Еще бы не любо! Возьмут Москву, получит он вознаграждение, накупит подарков - и домой, в станицу. Привезет мамане шелков на платья да сукна для рушников. Интересно, как там кареглазая Катюха из соседской хаты? Выросла уже, поди. Надо ей тоже что-нибудь привезти, уж больно хороша девка!
- И мне любо ваше радение, братцы! Положим животы за дело государево! Коли порешили, пущай нам скарбник да обозный - тута они? - обскажут, как…
Среди казаков вдруг пробежал шепоток, на лицах, обращенных куда-то за спину Заруцкого, застыло недовольство. Иван обернулся: на крыльце стояла Марина в походном платье. Нахмурившись, атаман сжал кулаки: баба на сходе? Не бывать этому!
Все опустили головы, отдавая дань уважения бывшей царице, однако чувствовалось, что ей здесь не рады. Заруцкий, не глядя на нее, сквозь зубы бросил:
- Ступай, Марина Юрьевна, неча тебе тут.
- Я желаю сказать свое слово, - гордо мотнула головой пани.
Внизу зашумели, заволновались. Послышались крики:
- Сход не бабское дело!
- Да где ж такое видано?!
Марина нетерпеливо взмахнула рукой.
- Я не баба! Я мать законного государя вашего! И в его малолетство…
Заруцкий легко взбежал по ступеням и, подойдя вплотную к ней, тихо, но настойчиво потребовал:
- Ступай, сказываю. Не тревожься, все порешим, как надобно. Вскорости будешь на Москве с золотых тарелок есть да на камчовых перинах почивать.
Внимательно посмотрев в глаза атаману, Марина кивнула и ушла в палаты. Казаки одобрительно засмеялись.
- Эк ты ее, Иван Мартыныч…
- Пустое, братцы.
В центр круга вышел невысокий казак лет тридцати в темно-красных шароварах.
- Что, Степан, слово молвить имеешь?
Тот снял шапку и, смяв ее в руках, кивнул.
- Агась. Давеча наши с Москвы пришли, сказывают, венчали на царство государя Петра Федоровича.
- Окромя Ивана Дмитрича государей не ведаю! - рявкнул Заруцкий.
- Оно конечно. Дык ведь скоро царевы-то вестники и сюда поспеют, атаман. А тута и без них неспокойно, уж больно воронежцы серчают, что мы ихнего народу много порешили. Я про что глаголю-то: уйдем мы на Москву, так они нашего воеводу мигом скинут.
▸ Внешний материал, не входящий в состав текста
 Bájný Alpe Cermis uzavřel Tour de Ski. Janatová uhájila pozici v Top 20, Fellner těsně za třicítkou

И возвернуться нам, коли дело не выгорит, будет некуда.
- Понял, за какую вожжу дергаешь, - кивнул Иван и задумался.
Поразмыслив с минуту, он спустился с крыльца, шагнул в круг и понизил голос:
- Слухайте, братцы. Вышлите ноне тех гонцов, что с Москвы приехали, пущай на рассвете в крепость воротятся, словно б только поспели, да кричат - Кремль-город, дескать, поляки заняли, и Петра Федорыча с боярами умертвили. И нету на Руси теперича государя законного, окромя Ивана Дмитрича, ему и надобно крест целовать. А иначе, мол, все под пятой короля Сигизмунда окажемся! И пущай они эту весть разнесут по всем деревням да селам окрест.
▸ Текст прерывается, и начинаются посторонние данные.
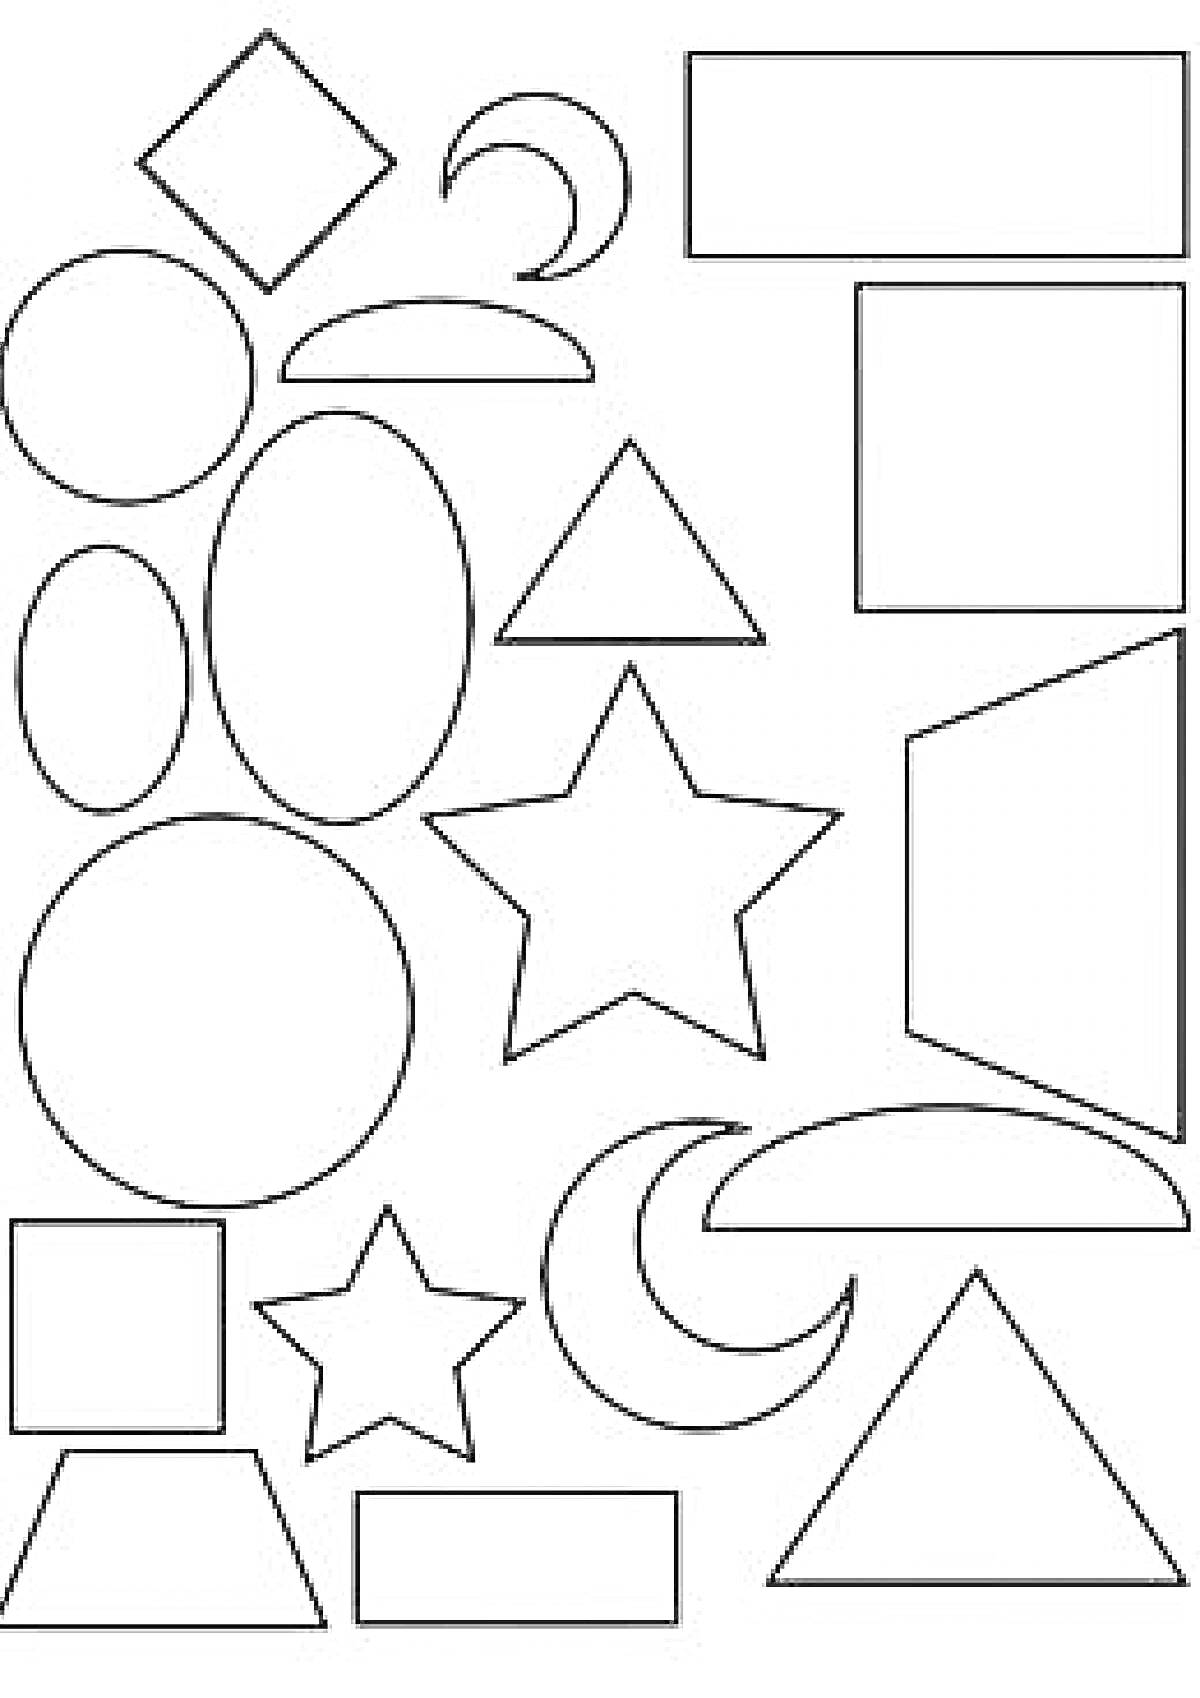 Геометрические фигуры: квадраты, круги, овалы, прямоугольники, треугольники, пятиконечные звезды, полумесяцы, трапеция, ромб, параллелограмм

Вокруг одобрительно зашумели, всем понравился хитрый план атамана.
"Пора", - решил Данилко. В конце концов, чего ему бояться? На казачьем кругу каждый может высказаться, на то и вольница. А если Ивану Мартыновичу его мысли дельными покажутся, так, небось, еще и наградит.
И он бесстрашно шагнул в центр. Стащив с головы шапку, Данилко заткнул ее за кушак и выкрикнул:
- Правильно Степан сказывает, серчают на нас воронежцы. Ан не зря серчают-то! Почто мы так лютовали, братцы? На кой ляд коменданту набили в рот пороху да подожгли? Это ж сколько народу русского зазря погубили! Казнили всех без сана и возраста, и мужиков, и баб! Купцов вон богатых пограбили, а они б могли о нас добрые вести по земле-то разнести. Эх… Дык и церковники ноне нас благословлять не желают, потому как ты, Иван Мартыныч, из храма ихнего паникадило серебряное умыкнул да приказал из него стремена себе сделать. Да разве ж это дело богоугодное? Вот если б мы с местными добром да ласк…
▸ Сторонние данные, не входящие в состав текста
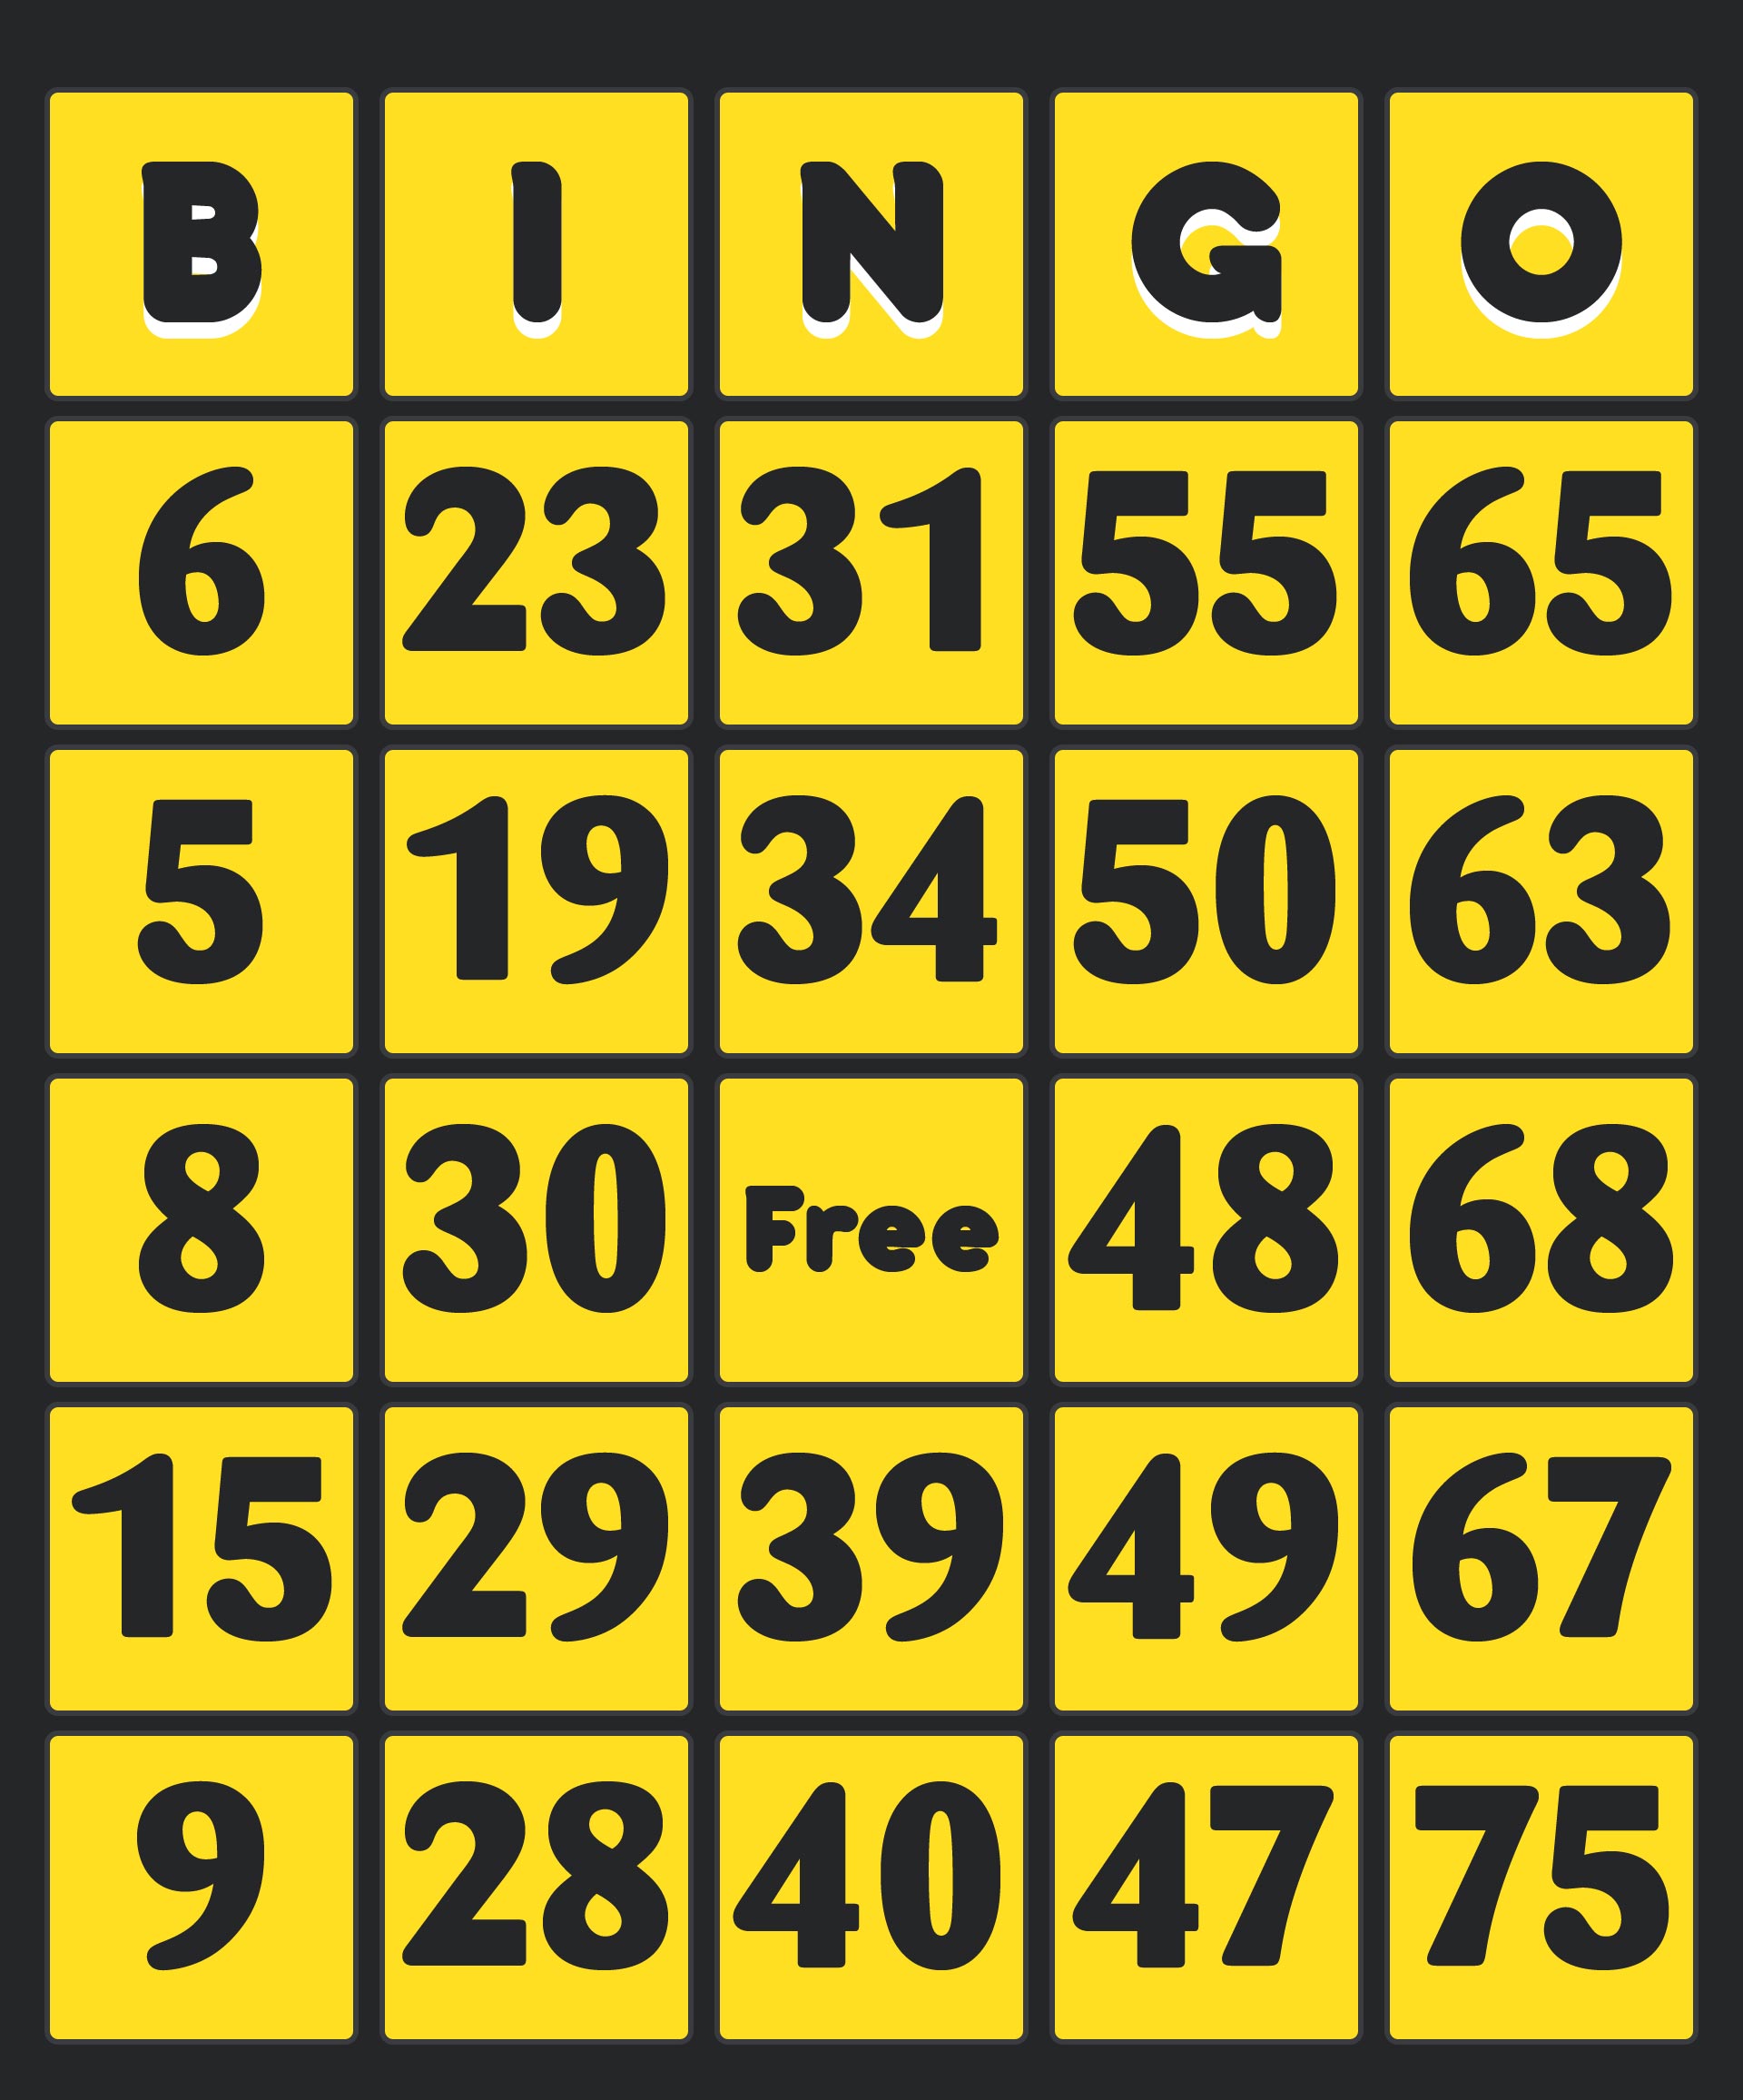 bingo-calling-cards-deck-aucune-cage-n-cessaire-prix-r-duit-global

Договорить он не успел. Заруцкий выхватил из-за пояса саблю и одним ударом разрубил Данилку от плеча до пояса. Кровь брызнула во все стороны, и казаки, тихо ахнув, невольно отшатнулись. Несчастный хорунжий дернулся, захрипел и повалился на землю.
Иван наклонился, сорвал пучок травы и неспешно вытер кровь с клинка. Нахмурился и грозно оглядел сход.
- А ну, кто еще поучит меня атаманить?!
[14] Обычная, заурядная.
[15] Имеется в виду Лжедмитрий Второй, Тушинский вор.
Глава 18
Прошел месяц после венчания на царство. Дни текли монотонно и скучно. Петра будили ни свет ни заря и вели стоять заутреню. После нее он завтракал, переодевался в парадные одежды и два часа высиживал на троне, принимая иностранных послов. Это была чистейшая проформа, так как бояре вели переговоры сами, словно специально не обращая внимания на маленького царя.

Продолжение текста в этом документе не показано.